Hali Flickinger’s parents reflect on Olympian’s success & impact in Pennsylvania

Japan 2020

Imagine raising an Olympic medalist. That’s the reality for Doug and Lea Flickinger, the parents of USA swimmer and Olympic bronze medalist Hali Flickinger.

The Spring Grove native won bronze in the 400 individual medley on Saturday in the Tokyo Olympics.

“Just pure joy, excitement, proudness,” Lea said of her emotions. “Honestly, I’m speechless still with everything. We’re just proud of her accomplishments.”

Hali’s main event is the 200 meter butterfly, which she began competition for on Tuesday with the prelims.

“Three months ago it wasn’t even a thought in the back of her head that she was going to swim the 400IM,” Doug said. “Things progressed pretty well. Even at trials it was her first [event] where she knew she pretty much made the team. So [the 400] was really just a bonus, and to have her medal is better yet.”

The bronze was Hali’s first Olympic medal of the 27-year-old’s career. It’s a “bonus” win, as Hali’s main event is the 200 meter butterfly.
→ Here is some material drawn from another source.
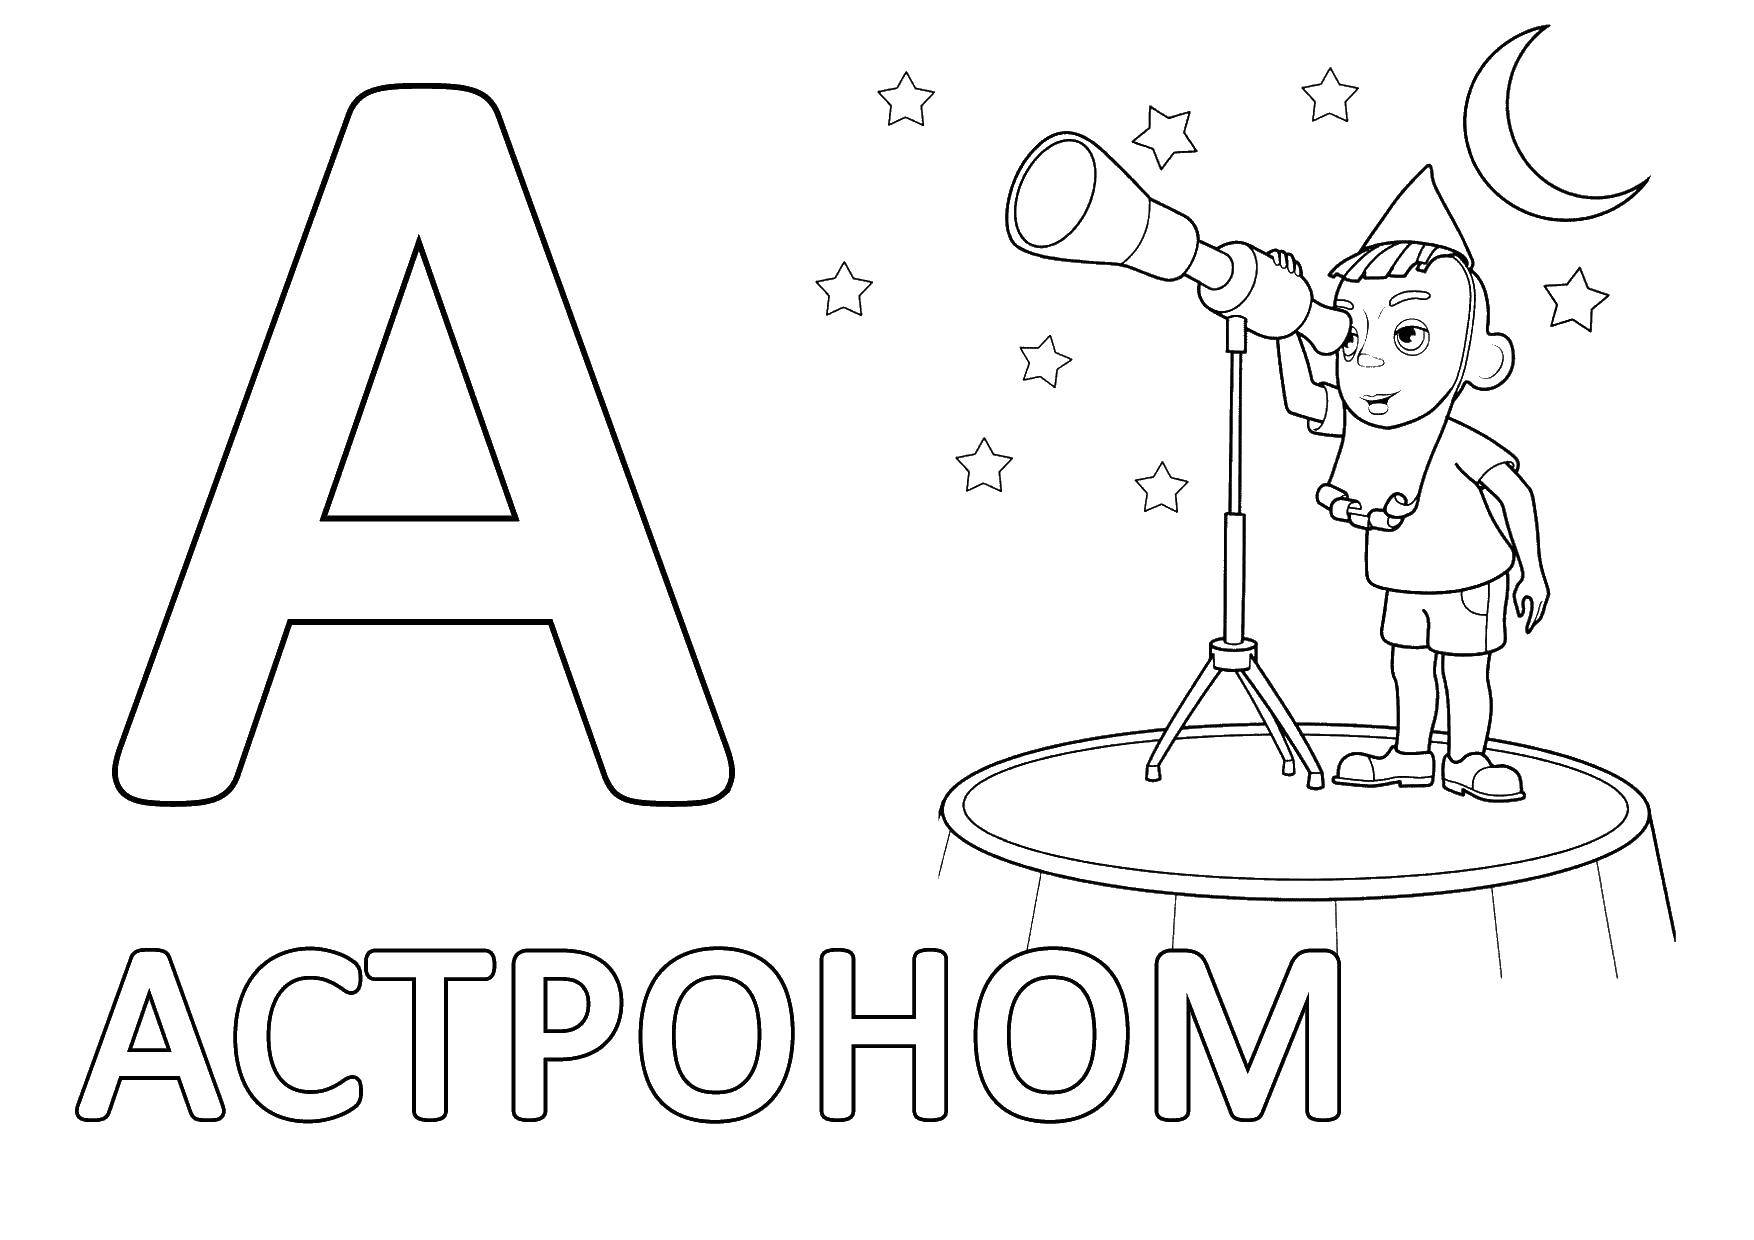 Coloring Astronomer. Category letters. Tags:  astronomer, letters.

In fact, she’s been labelled as one of the favorites to win the event.

“I don’t think [winning bronze in the 400IM] will relieve anymore pressure from what is to come up,” Doug said. “That’s a big thing with this sport is the pressure that people put on you. Being told that you’re the favorite or one of the favorites is a lot of pressure.”

“They just have a target on their back at all times,” Lea said. “You just feel like she has to perform to be that top that everyone is talking about.”

Back at home, the anxiety is palpable watching Hali compete in each event. Inside Spring Grove Middle School, Hali’s grandparents, Ken and Bonna Krout, watched as their Hali pushed hard for the final 50 meters of the 400IM to bronze.

At the pool during All-Star Championship weekend, hundreds of Spring Grove and Midstate swimmers watched with excitement as their alum put Pennsylvania Swim on the map.

“This hometown is what got [Hali] to where she is now,” Doug said. “This is where it all started. She knows this is where she got her start. Without it, she wouldn’t where she’s at.”

As family and friends are not allowed to attend the 2020 Summer Olympics in person due to the coronavirus pandemic, the Flickinger’s have been watching the events on a tv from the United States. The nerves, however, are the same.

“Well they always have their teammates,” Doug said of being separated from his daughter during the Olympics. “Us being in Rio to [now], we had some communication leading up to the 400 IM. After that was all over and we got to talk to her, she pretty well went radio silent now. We know that, we know how she is. She’ll stay away from social media anything, because all she has to do is look at social media and the anxiety comes. That’s what she has to watch is keeping herself calm. So we’ll take what we get, but it’s not a lot now until after she swims [Wednesday] night.”

As the Flickinger’s watch Hali compete from half a world away, the pride swells.

“I’m just a proud dad,” Doug said. “Nothing ceases to amaze me with her. She puts her mind to something, she’s going to do whatever it takes to get where she needs to be. We’re humbled when we see it.”

“You’re going to make me cry,” Lea said through tears. “Again, like I said earlier, I’m speechless. She just totally amazes us.”

“Day after day,” Doug adds.

“Yup, I’m a proud mama,” Lea said.

Hali swims Tuesday, July 27 night in 200 meter butterfly semis. Should Hali advance, the finals in that event are in the evening on Wednesday, July 28.